Contributing three out of the nine episodes of the anthology’s season, Seamus Sullivan is the series’ most prolific dramatist. His season opener, “RE: OBLIVION,” is an office satire in which co-workers are so consumed by the banality of their workplace, and so set at odds with one another by their manager, that they can react with neither horror nor madness when a Lovecraftian eldritch abomination appears in the supply room.

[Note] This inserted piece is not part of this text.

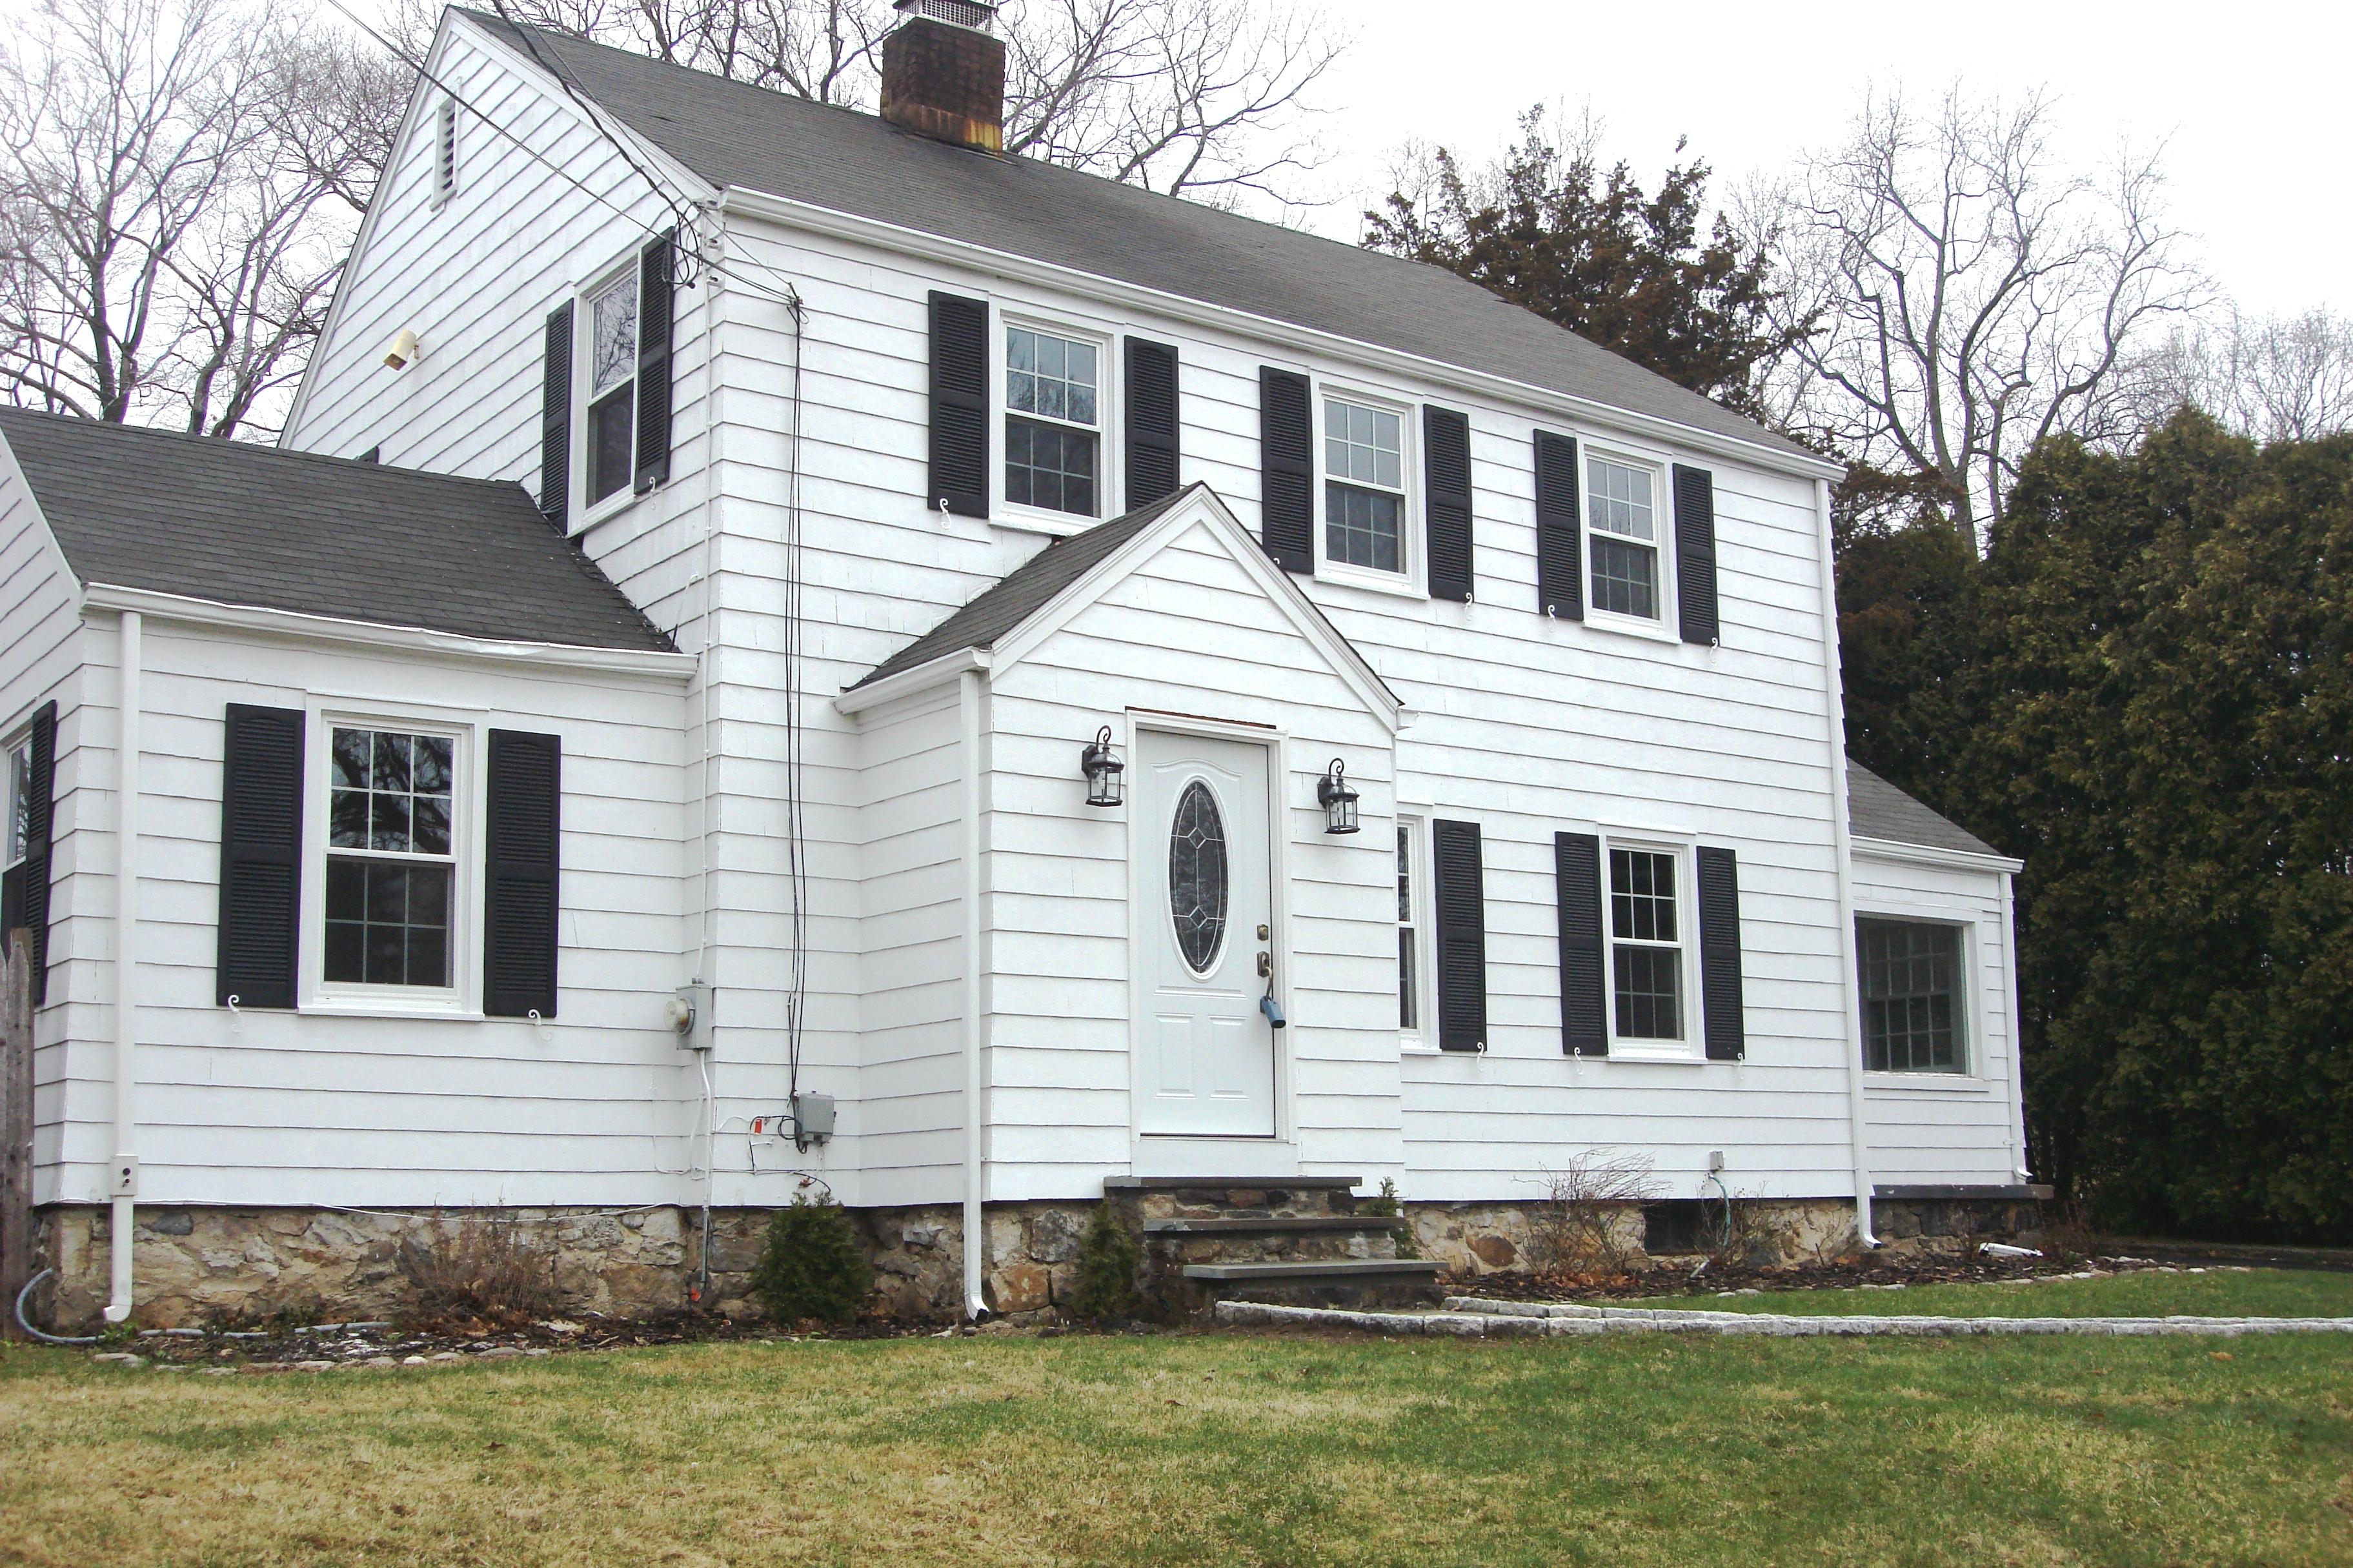 一戸建て のために 売買 アット Remodeled for Today's Living 139 Richards Avenue Norwalk, コネチカット 06854 アメリカ合衆国

Sullivan’s second outing in the series, “Horn of Bone and Silver,” features an unnamed podcaster (Regina Aquino), an obsessive bibliophile ever on the hunt for out-of-print genre novels. Her enthusiasm for her latest discovery, an early-’70s novel set in the fairy kingdom of Night Glade, leads to it being reissued by the publisher she works for at her day job. But she falls into severe depression upon discovering that in the even harder-to-find sequel, the heroine of the first novel has essentially become a villainess.

However, Sullivan’s writing is at both its most heartfelt and funniest in the season closer, “Valkyrie at the Roller Disco,” named for the New Pornographers’ song. It’s a romantic two-hander between Hillevi (Blair Bowers), a 1,009-year-old winged warrior of Norse mythology and Beth-from-Above, a roller derby jammer and eighth grade English teacher, named Bridget (Megan Reichelt). The story follows the tradition of classic Marvel Comics, in which superheroics are often an allegory for navigating adulthood—intergenerational dating, in this case. Here, one partner may have nobility and wisdom, but doesn’t understand dating apps, streaming television, or open relationships, and the other is vibrant, intelligent, and adventurous, but afraid of commitment.